Finally, the tasks added to the role’s tasks/main.yaml
to actually do the clustering if pve_cluster_nodes
variable is set. On a new node I found that pveproxy
had not yet been restarted after the certificate was updated, which resulted in certificate errors so I added a flushing of handlers to ensure the handler to restart pveproxy
had run before the clustering, if required. I also had to set a longer timeout on the cluster join command as I found it was timing out occasionally.
- name: Handlers have flushed, so pveproxy certificates are correct
ansible.builtin.meta: flush_handlers
- name: Cluster is joined
block:
# There are two situations we can automatically deal with:
# 1. There is an existing clustered node to join with.
# or
# 2. All of the clustered nodes are contactable and none are in
# a cluster (in which case a new cluster needs to be setup).
- name: Clustered node status is known
ansible.builtin.include_tasks: clustered-nodes-status.yaml
- name: Cluster is setup
run_once: true
become: true
ansible.builtin.command:
cmd: /usr/bin/pvecm create {{ pve_cluster_name }}
when: pve_cluster_nodes_clustered | length == 0 and pve_cluster_nodes_contactable | length == pve_cluster_nodes | length
- name: Clustered node status is refreshed if newly setup
ansible.builtin.include_tasks: clustered-nodes-status.yaml
when: pve_cluster_nodes_clustered | length == 0 and pve_cluster_nodes_contactable | length == pve_cluster_nodes | length
- name: Have a node to join with
ansible.builtin.assert:
that: pve_cluster_nodes_clustered | length > 0
fail_msg: No existing cluster nodes found to join with.
- name: Node is joined to cluster
become: true
ansible.builtin.expect:
# Need to use FQDN with Let's Encrypt certificate
command: /usr/bin/pvecm add {{ pve_cluster_join_target }}.{{ ansible_facts.domain }}
responses:
"Please enter superuser \\(root\\) password for '[^']+':": >-
{{
lookup(
'community.hashi_vault.vault_read',
'kv/hosts/' + pve_cluster_join_target + '/users/root'
).data.password
}}
timeout: 90 # Sometimes takes longer than 30s default
vars:
pve_cluster_join_target: '{{ pve_cluster_nodes_clustered | first }}'
when: inventory_hostname not in pve_cluster_nodes_clustered
when: pve_cluster_nodes is defined
In the proxmox_virtual_environment_hosts
’s group variables, I set the pve_cluster_nodes
variable to be a lookup of all inventory hosts in that group. This (the use of a group, as well as the group name) are site-specific so best to keep outside the role:
pve_cluster_nodes: >-
{{
query(
'ansible.builtin.inventory_hostnames',
'proxmox_virtual_environment_hosts'
)
}}
Ceph
Configuring LVM with Ansible
In order to setup Ceph, I need to setup the disks for it to use. I have been putting this off, and even hacked my automated Debian preseed as I ran out of space installing ProxmoxVE in the first place. The preseed is intended to produce installs for small disks, for VM use, and my intention was always that Ansible would resize as required - keeping the preseed as a “one size fits all” bootstrap with all customisation done through Ansible. Doing this work also enabled me to set custom (lvm) filesystem sizes generally.

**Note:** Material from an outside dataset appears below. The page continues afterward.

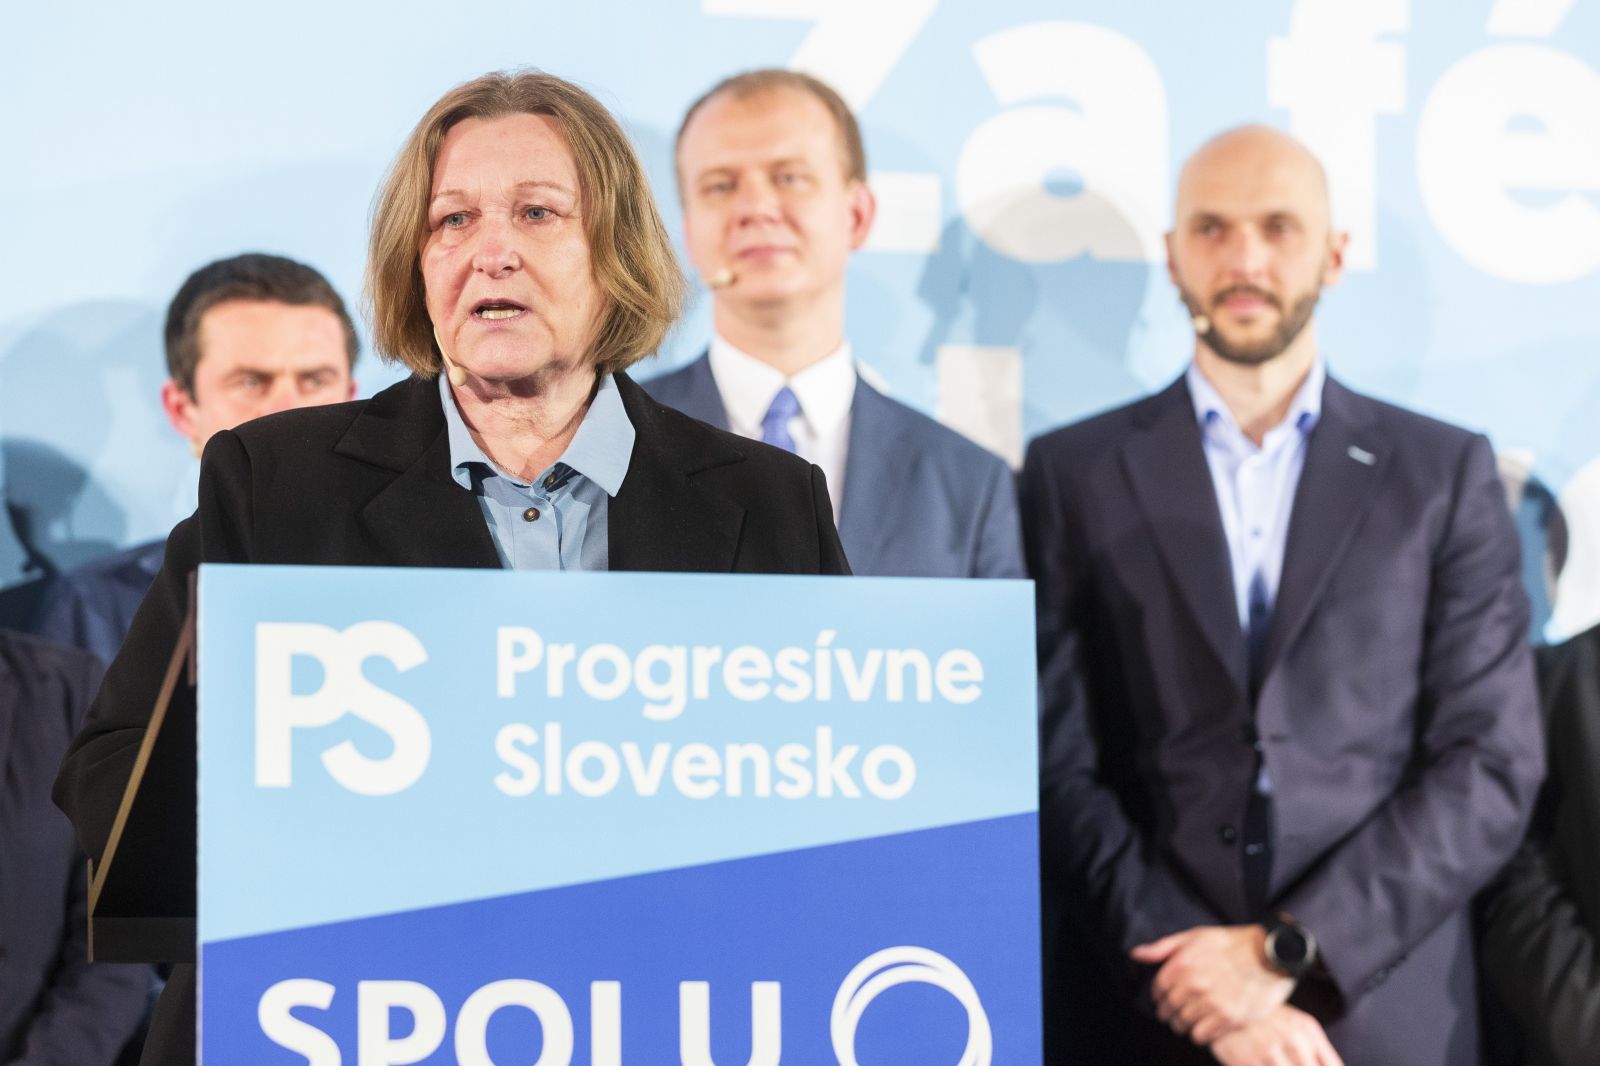 Z akých miest kandidujú do volieb Igor Matovič, Robert Fico alebo odsúdený extrémista Mazurek a prečo nie sú prví?

To configure the volumes, I added a new role called filesystems
(with the intention it might be used for more than just lvm, if needed, in the future) and configured arguments that allow it to manage volume groups and logical volumes within them:
---
argument_specs:
main:
description: Configure filesystems on the target
options:
filesystems_lvm_volume_groups:
description: Logical volume groups to configure
type: list
elements: dict
default: []
options:
name:
description: Name of the volume group
type: str
required: true
logical_volumes:
description: List of logical volumes to manage
type: list
elements: dict
options:
name:
description: Name of the logical volume
type: str
required: true
size:
description: >-
Size of the logical volume (see
<https://docs.ansible.com/ansible/latest/collections/community/general/lvol_module.html#parameter-size>
for valid values)
type: str
required: false
...
The corresponding defaults/main.yaml
file:
---
filesystems_lvm_volume_groups: []
...
The main.yaml
file is just a loop over the volume groups, the default of the empty list means that nothing will happen on hosts with no filesystems_lvm_volume_groups
set (making it safe to apply to all hosts):
---
- name: Logical volumes exist and are correct sizes
ansible.builtin.include_tasks: lvm.yaml
vars:
filesystems_lvm_lvs: '{{ lvm_item.logical_volumes }}'
filesystems_lvm_vg: '{{ lvm_item.name }}'
loop: '{{ filesystems_lvm_volume_groups }}'
loop_control:
# Avoid clashing with inner loop
loop_var: lvm_item
...
The lvm.yaml
tasks file just ensures the each logical volume in the group is correct:
---
- name: All logical volumes are correct
become: true
community.general.lvol:
lv: '{{ item.name }}'
resizefs: true
size: '{{ item.size }}'
vg: '{{ filesystems_lvm_vg }}'
loop: '{{ filesystems_lvm_lvs }}'
...
I hardcoded resizefs
to be true
- this means that if the volume grows and it’s one of the list supported (ext2, ext3, ext4, reiserfs and XFS at time of writing) the filesystem will be resized by the module. However, if an unsupported volume is resized then the module will fail.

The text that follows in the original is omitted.